Stored data —
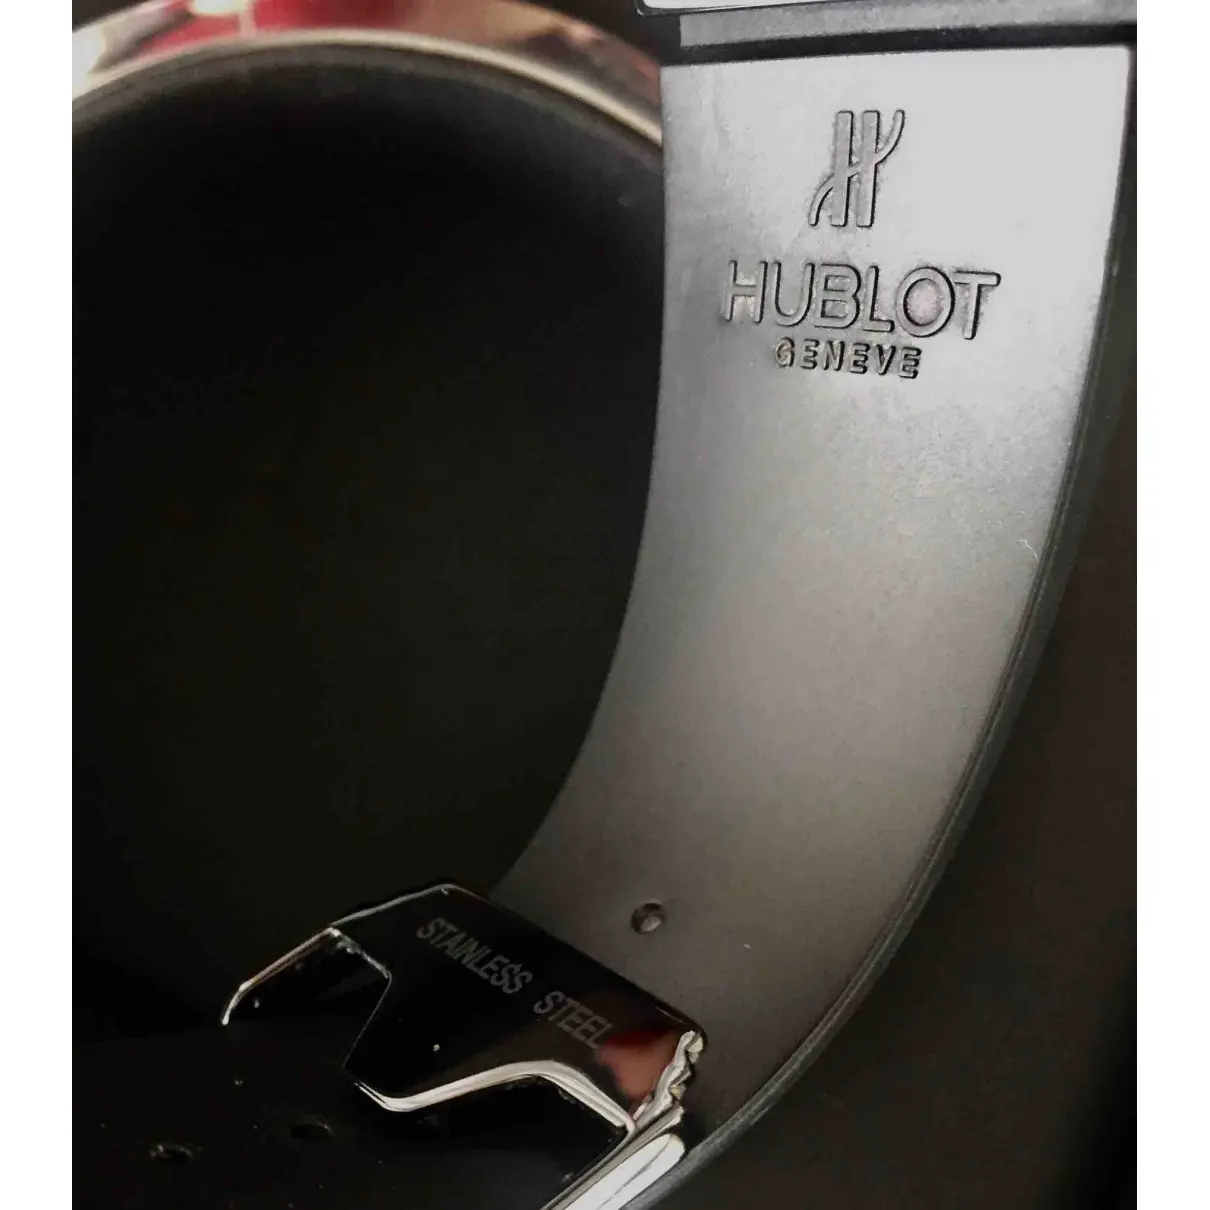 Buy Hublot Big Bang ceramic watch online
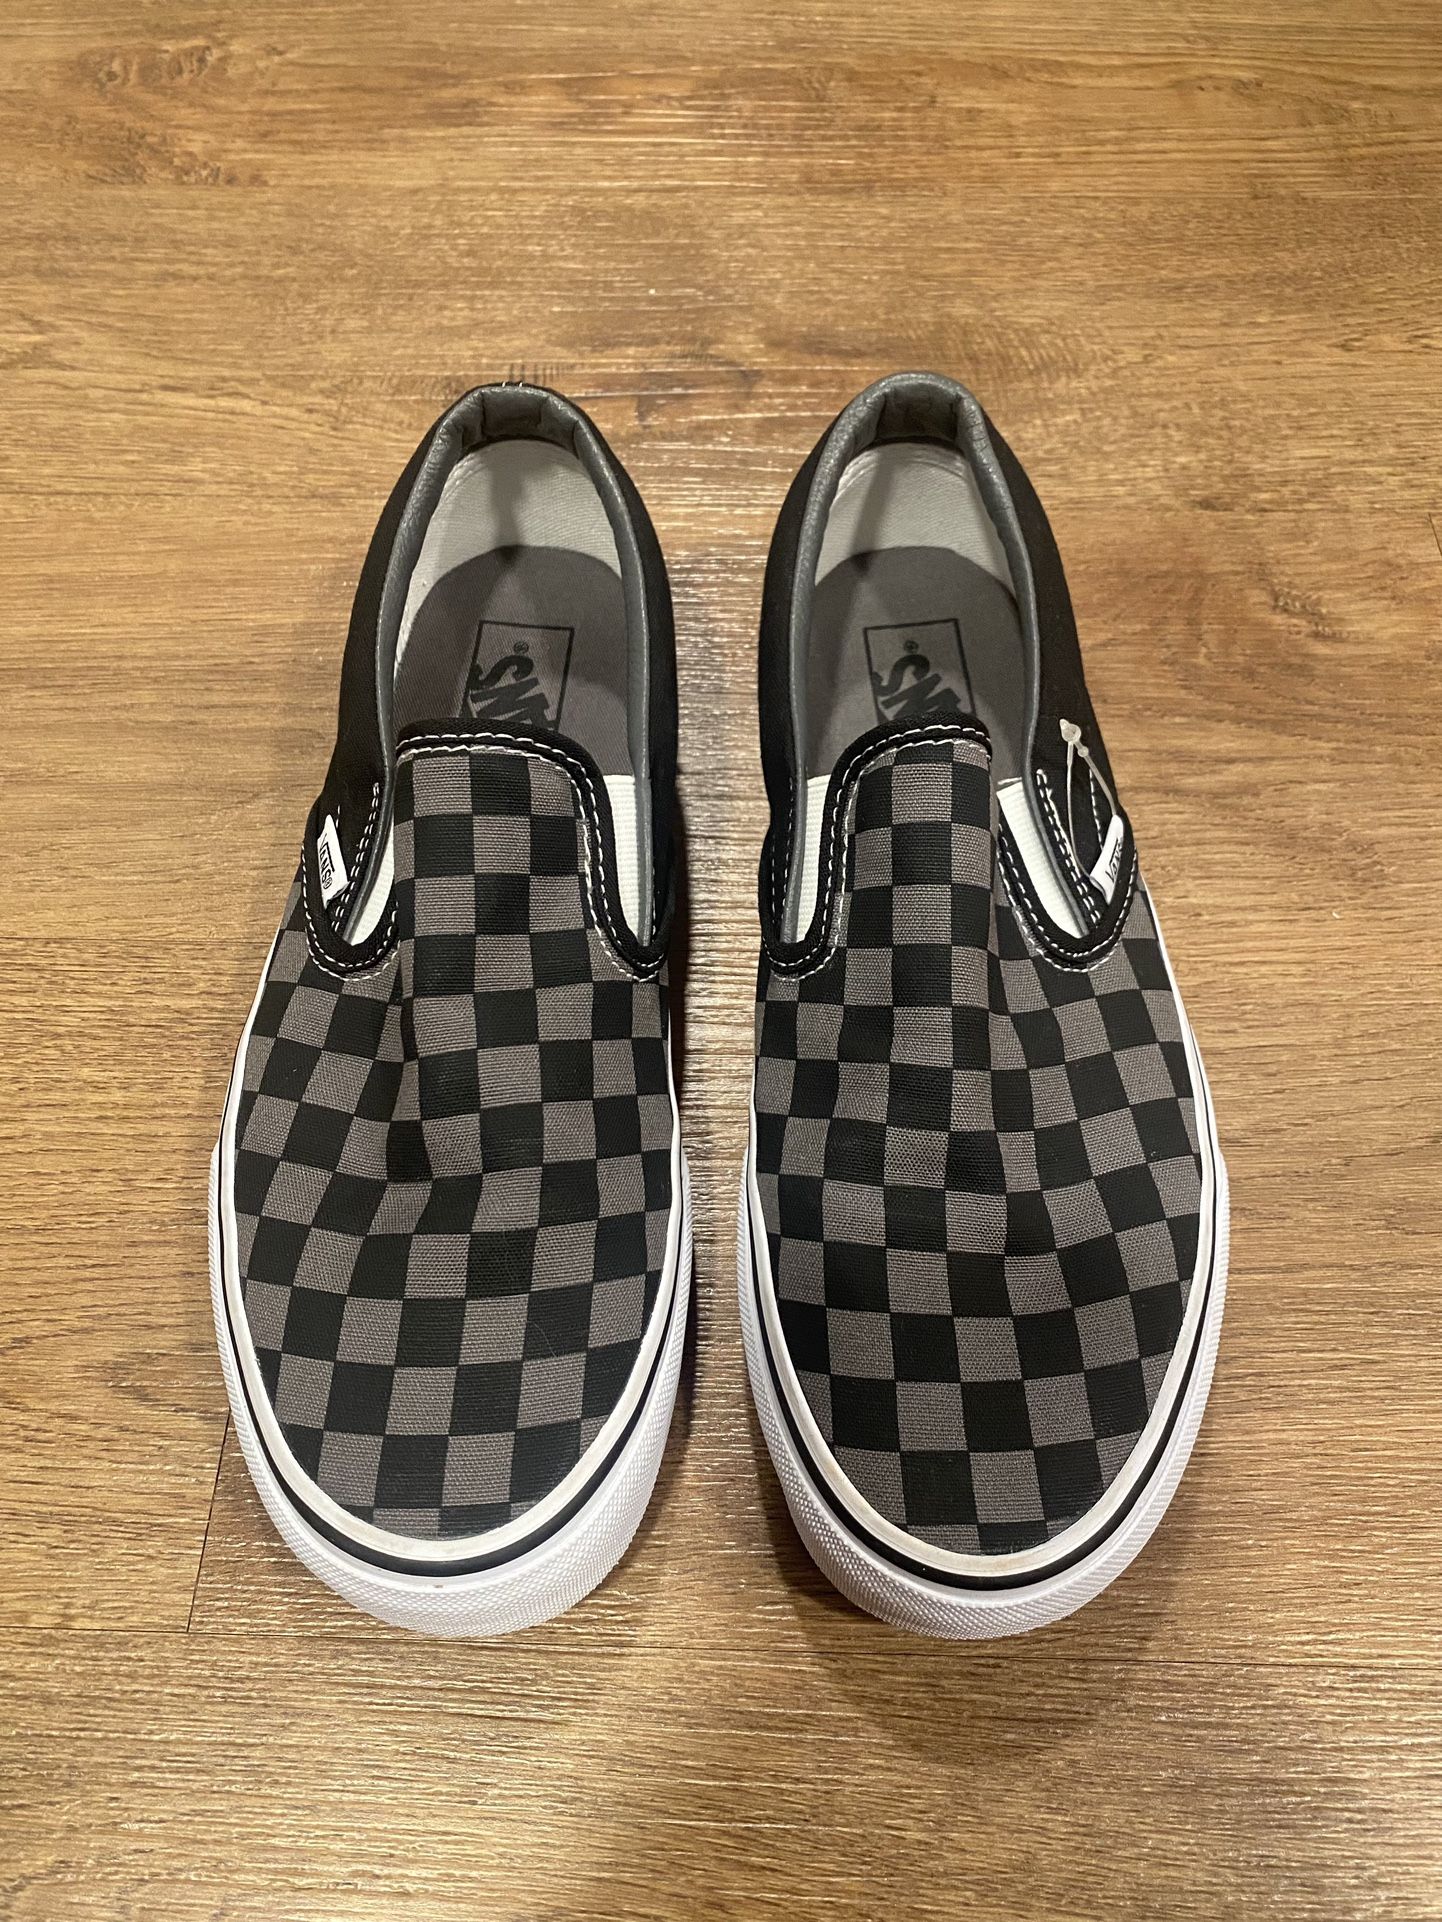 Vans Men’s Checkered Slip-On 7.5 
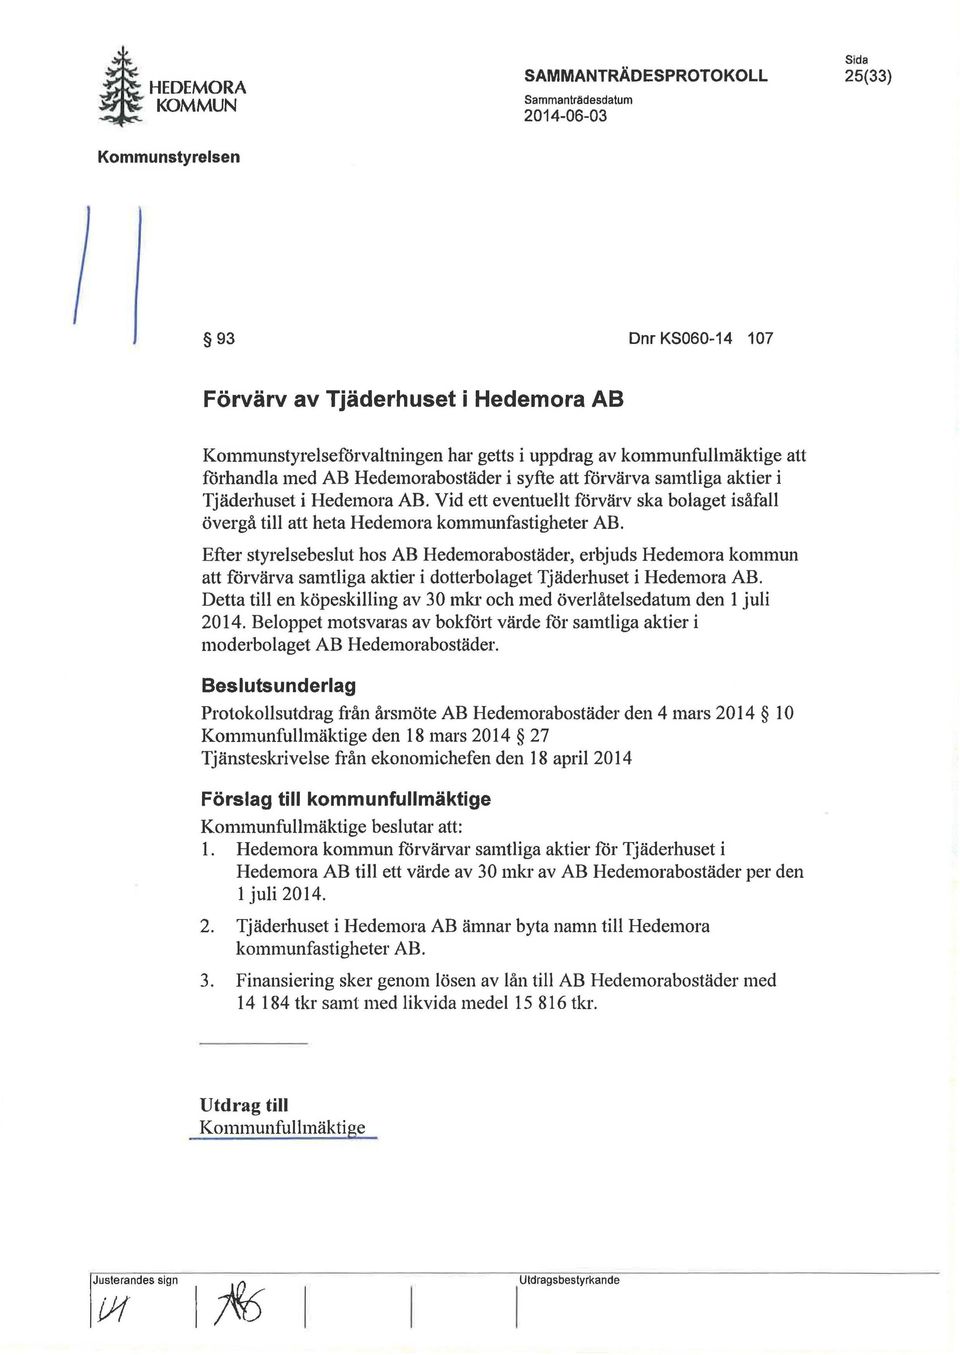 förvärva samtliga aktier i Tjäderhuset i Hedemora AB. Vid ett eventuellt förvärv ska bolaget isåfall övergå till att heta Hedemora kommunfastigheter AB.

Aim of the exercise — Take the listing and print it again exactly, but without any pictures.

Task response —
 Buy Hublot Big Bang ceramic watch online
 Vans Men’s Checkered Slip-On 7.5 
 förvärva samtliga aktier i Tjäderhuset i Hedemora AB. Vid ett eventuellt förvärv ska bolaget isåfall övergå till att heta Hedemora kommunfastigheter AB.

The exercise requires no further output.